**Trigger Warning** The following may contain whole sentences AND punctuation.
I am based near Boston, the original and best one, in Sunny Lincolnshire, in the middle of a vast broccoli field.
I do not have a ‘shop’, in which you can excitedly flail about knocking things over, and visits are by appointment only please.
There are many ways to get in touch with me, but before you do, please help me to help you by having your bike model, frame number and engine number ready, for example ‘3AJ Tenere’ or ‘3TB XT600E’, AND please include your phone number:
- You could attach a note to the collar of a fox and tell him about the loose lid on my bin.
- You could shout across The Fen.
- Alternatively, you could call me on my telephone by dialling the number: +44(0)1205 871945 …no answer? Keep trying. Still no answer? Probably best to email me then.
My old mobile number, ending in xxx570; having had the same mobile number since 1989, far too many people know it, so may I respectfully ask, that if you do know it, that its use is reserved to smooth things along on the days of delivery and collection of your bike only. Texts are not monitored. My new, ‘business-hours-only’ mobile number ends in xxx035. I’ll give you this new number once a job has been commisioned. If you are an existing customer, please feel free to request this number. - Send an email to bigbluecoach at hotmail with a “dot com” at the end. Senders of emails typed in lazy ‘text-speak’ will be pointed at, mocked and ignored, ok m8, c u l8r. I think not, actually.
- LOOK. Innit.
AND please include your phone number in your first email. - I’m also on facebook if you want to stalk me there too
The best time to phone me is 10am – 4pm, Tuesday to Thursday – Mondays are hectic and by Friday lunchtime I’m starting to go off XTs and thinking about another long-distace adventure in my Micra.
Oh, and one more thing.
If you have contacted me for some advice, technichal information or some price quotes, once our dialogue has finished, you have got what you were looking for and you have no more need for further contact with me, please, at the very least, have the decency to make your final message inclusive of some sort of ‘thank you’. This will cost you nothing and will make me very happy!

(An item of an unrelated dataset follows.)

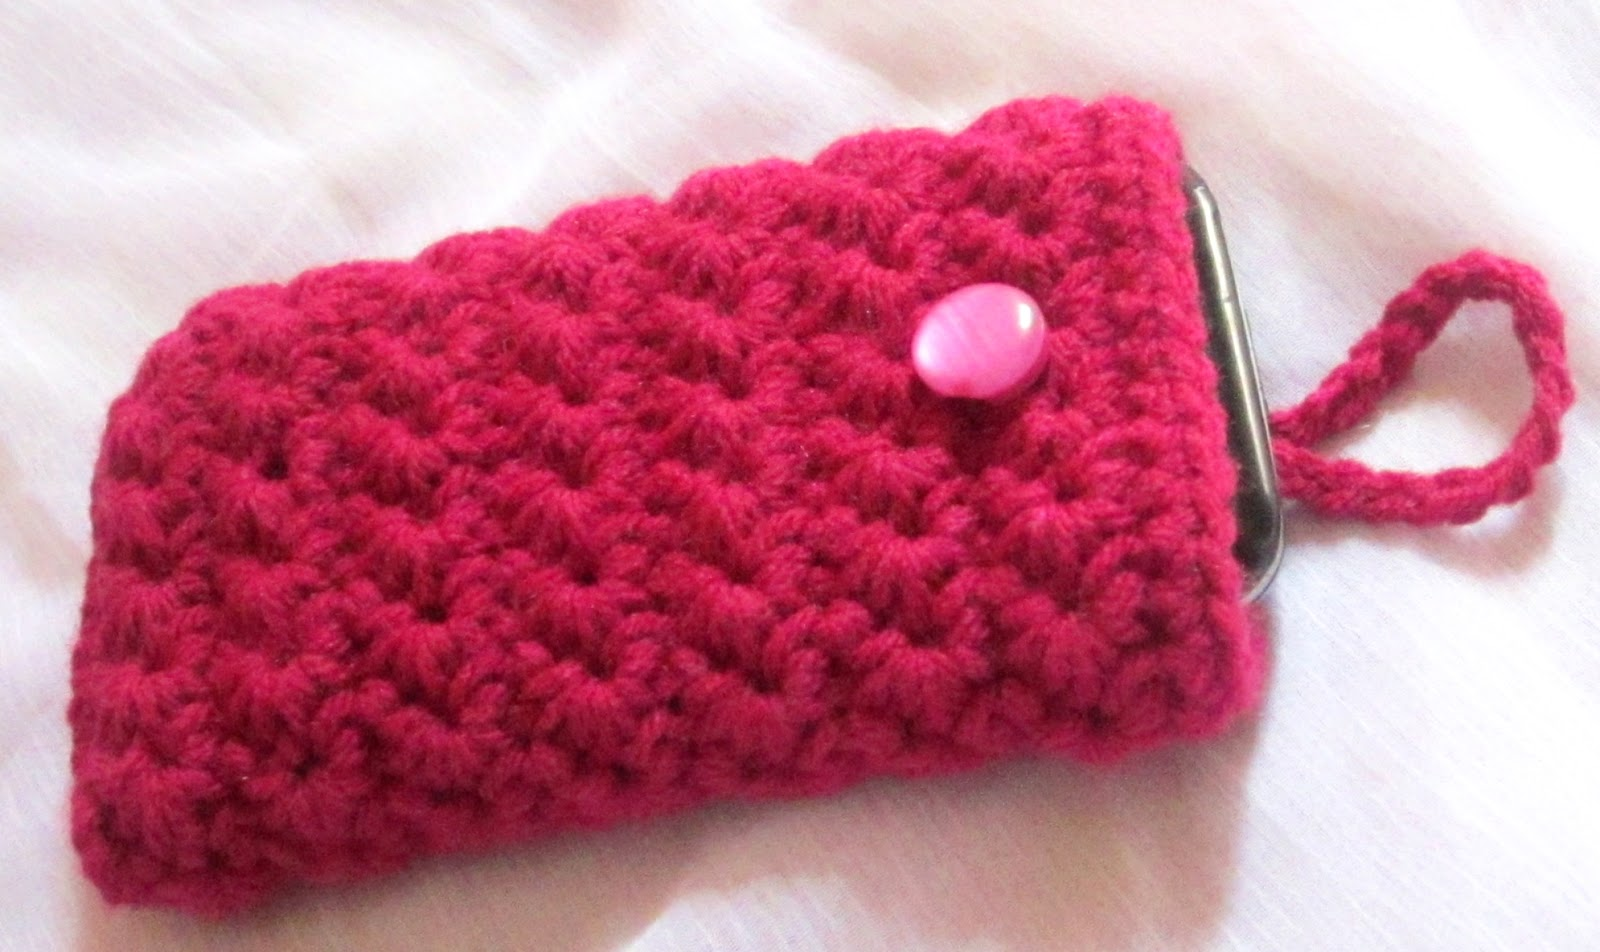 Crochet Cell Phone Case A Little Love Everyday

Currently, those of you who do say ‘thank you’ are very much in the minority.
I am NOT a feckin’ chatbot; I am a very busy real human being with 35+ years of technical experience, so I can and will help you, but without a ‘thank you’ I will only do it once.
Thank me or don’t thank me; it’s up to you…

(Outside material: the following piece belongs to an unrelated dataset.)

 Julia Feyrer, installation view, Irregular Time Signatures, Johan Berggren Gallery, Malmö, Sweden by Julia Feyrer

I have a very good memory and a folder in my email called ‘timewasters’ where the latter go.
The best ‘thank you’ I ever had was when a chap sent me a pack of sausages, using normal post. Feel free to do the same, or better!
(Better = Cadbury’s Dairy Milk, in at least a 200g bar)
Thank you.
Now bugger off, stop worrying that you don’t have an original front mudguard and go and actually RIDE your XT!